MetadataArtifactRegistry was a write-only sink: every move_to_self_host added entries via register, but nothing ever removed them on detach. The only cleanup method on the worker side (LocalModel::clear_self_hosted_artifacts) required a LocalModel handle that the static LocalModel::detach_from_endpoint helper — and through it, the Python unregister_model binding — doesn't have. Long-running workers leaked one entry per metadata file on every LoRA detach or model reload. This is the documented blocker on flipping DYN_SELF_HOST_METADATA default-on in the gh-8749 capstone.

Fix

Tag each registration with Owner = (connection_id, lora_slug) — the pair detach_from_endpoint already has on hand without an API change to the Python side. The registry keeps a secondary owners -> (slug, suffix) map populated by register. New unregister_for_owner(&owner) looks up that map and calls the existing unregister so there is no duplicated cleanup logic. The HTTP get read path is unchanged — no new locks on the hot path.

Details

  • lib/runtime/src/metadata_registry.rs: added pub type Owner = (u64, Option<String>), new owners map field, new unregister_for_owner method, register signature gains a leading Owner parameter (single caller in the workspace — no external breakage). Existing register / unregister / get semantics preserved.
  • lib/llm/src/local_model.rs: move_to_self_host now takes &Endpoint instead of &DistributedRuntime (one extra line to derive drt) and passes (drt.connection_id(), model_suffix.map(str::to_string)) as the owner. detach_from_endpoint calls unregister_for_owner before the discovery unregister — no-op when self-host was disabled or skipped. Deleted the never-called clear_self_hosted_artifacts method and the supporting attached_self_host_suffix: Option<String> field that only tracked one suffix per LocalModel anyway.

Test

  • Existing two metadata_registry tests updated to the new register signature (semantics unchanged).
  • New unregister_for_owner_clears_only_that_owner: registers one base + one LoRA from the same connection_id, detaches the LoRA via unregister_for_owner, asserts the LoRA entries are gone and base entries remain.

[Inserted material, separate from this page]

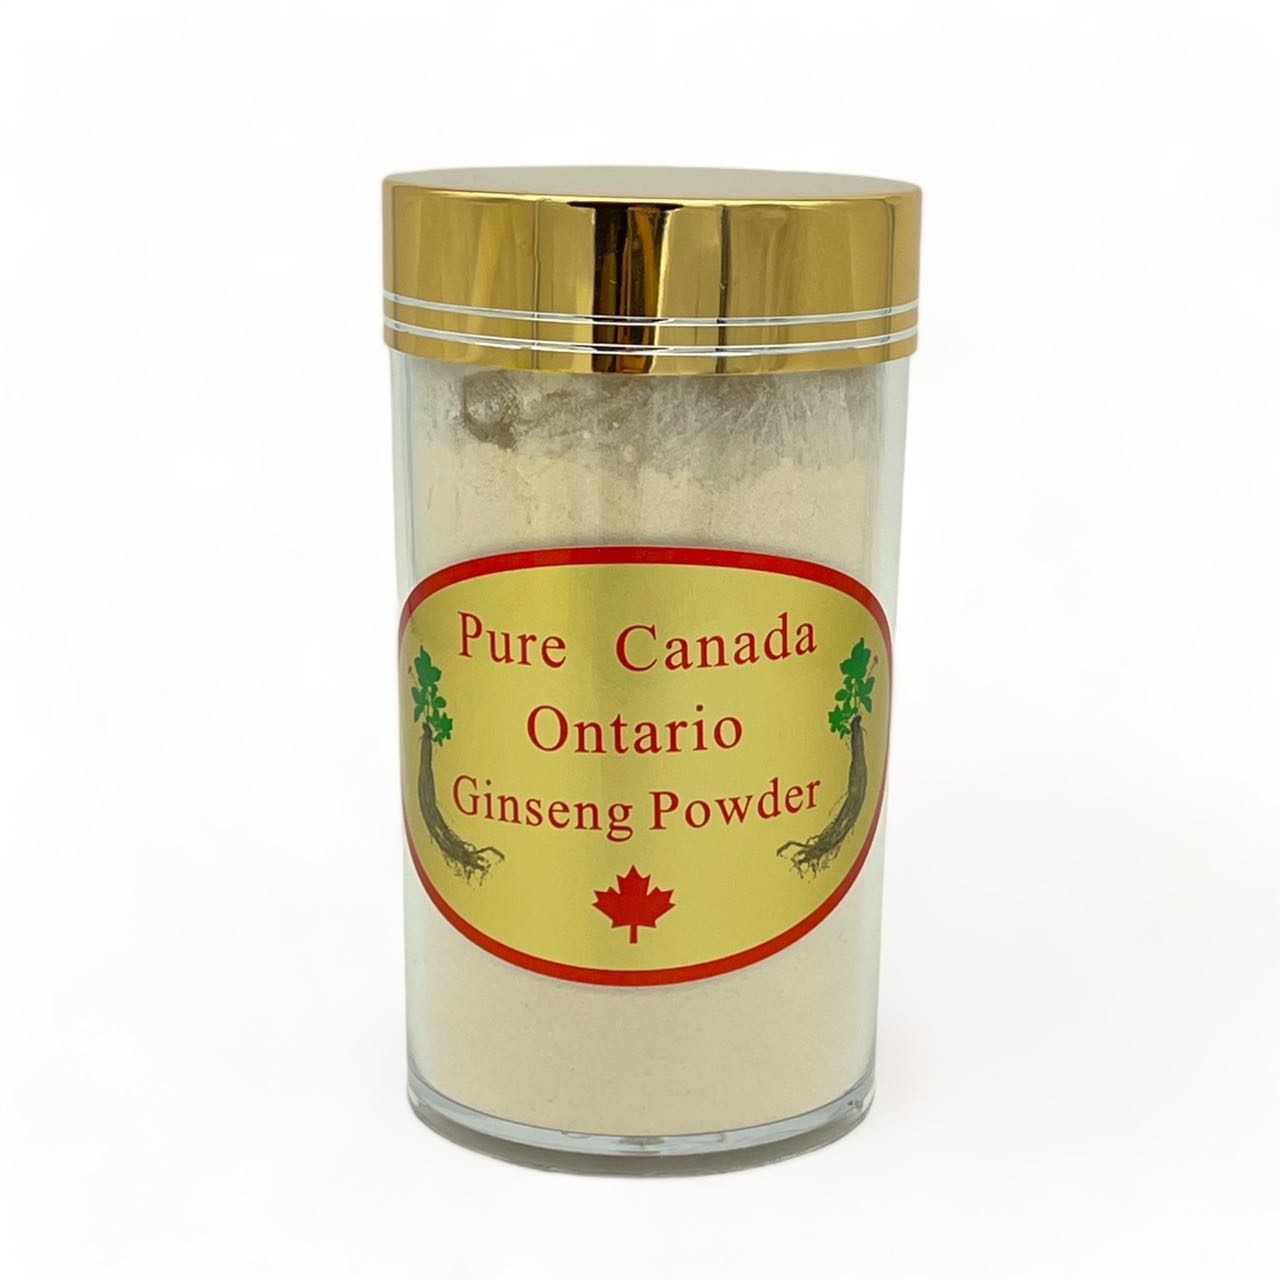 "NATIVE ULTRA" Poudre de Ginseng Américain Canadien 100% Pure de Qualité Supérieure

Second call is a no-op (idempotent).
  • Full dynamo-llm + dynamo-runtime lib test suites, clippy with -D warnings, and cargo fmt --check all green.

Out of scope

  • The Python unregister_model API is unchanged — callers in components/src/dynamo/vllm/handlers.py do not need to pass a model name.
  • Default-on flip of DYN_SELF_HOST_METADATA — still gated on this PR plus a multimodal positive e2e; tracked in the DEP (light): Worker self-hosted metadata files #8749 capstone.

Related

Summary by CodeRabbit

  • Refactor
    • Improved metadata registry for self-hosted model instances using enhanced owner-based tracking
    • Streamlined artifact lifecycle management and cleanup for local model deployments

`MetadataArtifactRegistry` accumulated entries on every register but
had no caller-reachable cleanup path: `clear_self_hosted_artifacts`
needed a `LocalModel` handle, and the static `detach_from_endpoint`
helper that the Python `unregister_model` binding calls doesn't have
one. Long-running workers leaked entries on every LoRA detach or
model reload — the documented blocker on flipping
`DYN_SELF_HOST_METADATA` default-on.

Fix: tag each registration with `Owner = (connection_id, lora_slug)`,
the pair `detach_from_endpoint` already has. The registry keeps a
secondary `owners -> (slug, suffix)` map; `unregister_for_owner` reads
it and calls the existing `unregister` so there is no duplicated
cleanup logic. HTTP `get` is unchanged — no new locks on the read
path. The previous `attached_self_host_suffix` field and the
never-called `clear_self_hosted_artifacts` method are deleted.

Tests: existing 2 metadata_registry tests updated to the new
`register` signature; new `unregister_for_owner_clears_only_that_owner`
asserts LoRA detach leaves the base intact and is idempotent.

Signed-off-by: nnshah1 <neelays@nvidia.com>
@nnshah1 nnshah1 requested a review from a team as a code owner June 5, 2026 06:43
@github-actions github-actions Bot added the feat label Jun 5, 2026
@coderabbitai

coderabbitai Bot commented Jun 5, 2026

Copy link
Copy Markdown
Contributor

Review Change Stack

No actionable comments were generated in the recent review. 🎉

ℹ️ Recent review info
⚙️ Run configuration

Configuration used: Path: .coderabbit.yaml

Review profile: CHILL

Plan: Pro

Run ID: 68e0fdc6-ef9e-4e0c-8387-8497c22fe536

📥 Commits

Reviewing files that changed from the base of the PR and between 7d5ca77 and 7524b19.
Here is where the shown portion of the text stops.